Otto H. York Department of Chemical, Biological, and Pharmaceutical Engineering, New Jersey Institute of Technology, 161 Warren St. 150 Tiernan Hall, Newark, New Jersey, 07102, USA.
AAPS PharmSciTech. 2018 Jan;19(1):436-447. doi: 10.1208/s12249-017-0850-x. Epub 2017 Aug 2.
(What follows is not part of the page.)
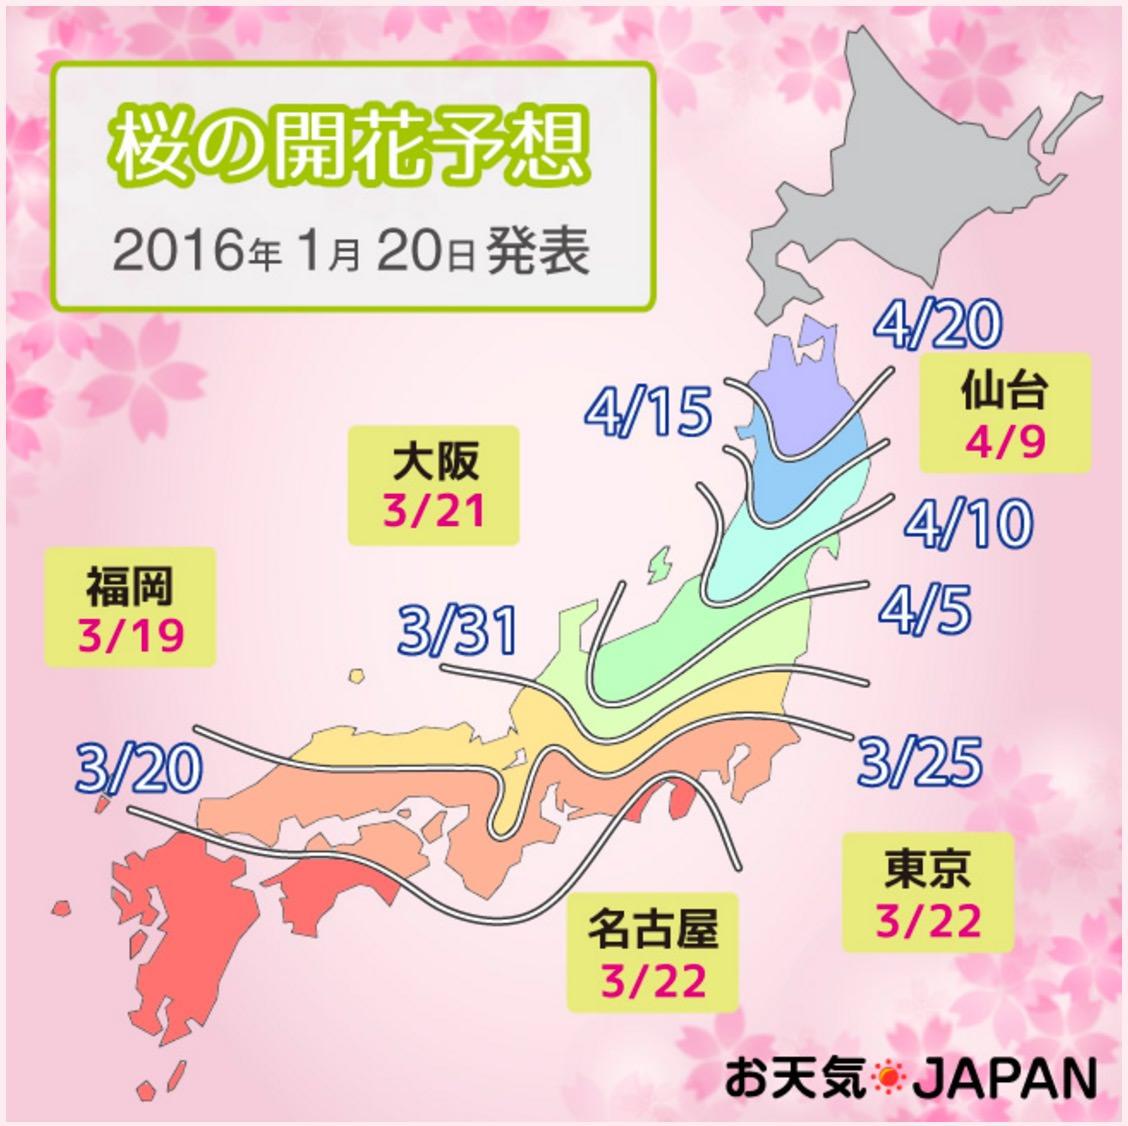 「お天気☆ジャパン」2016年の桜開花予想を発表 → 東京は3/22、大阪は3/21

Nanocomposite microparticles (NCMPs) have been used in various solid dosage forms with the goal of enhancing the dissolution rate and bioavailability of poorly water-soluble drugs. Nanoparticle recovery from NCMPs, i.e., redispersion, is the preliminary step in drug dissolution. This study aims at exploring aqueous redispersion of NCMPs with various dispersants under quiescent vs. agitated conditions as potential dispersant screening tool in the development of fast-dissolving NCMP formulations. NCMPs were prepared by coating wet-milled suspensions of a poorly water-soluble drug, griseofulvin (GF), formulated with the dispersants hydroxypropyl cellulose (HPC), sodium dodecyl sulfate (SDS), as-received/wet co-milled croscarmellose sodium (CCS), and mannitol, onto Pharmatose® carrier particles in a fluidized bed dryer. The NCMPs were added to quiescent water kept in a cuvette, and the redispersion was visualized and investigated by turbidimetry and dynamic light scattering. The morphological evolution of a single NCMP exposed to a drop of water was studied via optical microscopy, which provided further insight into the self-redispersibility. As a comparison, the NCMPs were also redispersed in water agitated by a paddle stirrer followed by centrifugation and drug assay of the resultant supernatant, which yielded the percentage of GF recovered as nanoparticles. Both quiescent and agitated redispersion methods yielded similar rank-ordering of the dispersants: NCMPs with either HPC/SDS or HPC/CCS exhibited effective nanoparticle recovery and fast dissolution, whereas those with HPC or HPC/mannitol led to poor redispersibility and slow dissolution. This study demonstrates that both quiescent and agitated redispersion tests could be used for screening/optimizing dispersants for fast-dissolving drug NCMP formulations.
纳米复合微粒(NCMP)已被应用于各种固体制剂中,旨在提高难溶性药物的溶解速率和生物利用度。NCMP 中纳米颗粒的回收,即再分散,是药物溶解的初步步骤。本研究旨在探索不同分散剂在静止和搅拌条件下对 NCMP 的水相再分散,作为开发快速溶解 NCMP 制剂的潜在分散剂筛选工具。NCMP 通过将难溶性药物灰黄霉素(GF)的湿磨混悬液包衣到 Pharmatose®载体颗粒上,用羟丙纤维素(HPC)、十二烷基硫酸钠(SDS)、未经湿磨的共磨羧甲纤维素钠(CCS)和甘露醇等分散剂进行制剂,在流化床干燥器中制备。将 NCMP 添加到置于比色皿中的静止水中,通过浊度法和动态光散射法对再分散进行可视化和研究。通过光学显微镜研究了暴露于一滴水的单个 NCMP 的形态演变,这为自再分散性提供了进一步的见解。作为比较,还通过桨式搅拌器搅拌使 NCMP 在水中再分散,然后离心并对所得上清液进行药物测定,得出以纳米颗粒形式回收的 GF 百分比。静止和搅拌再分散方法均得出相似的分散剂排序:用 HPC/SDS 或 HPC/CCS 制备的 NCMP 表现出有效的纳米颗粒回收和快速溶解,而用 HPC 或 HPC/甘露醇制备的 NCMP 则表现出较差的再分散性和缓慢溶解。本研究表明,静止和搅拌再分散试验均可用于筛选/优化快速溶解药物 NCMP 制剂的分散剂。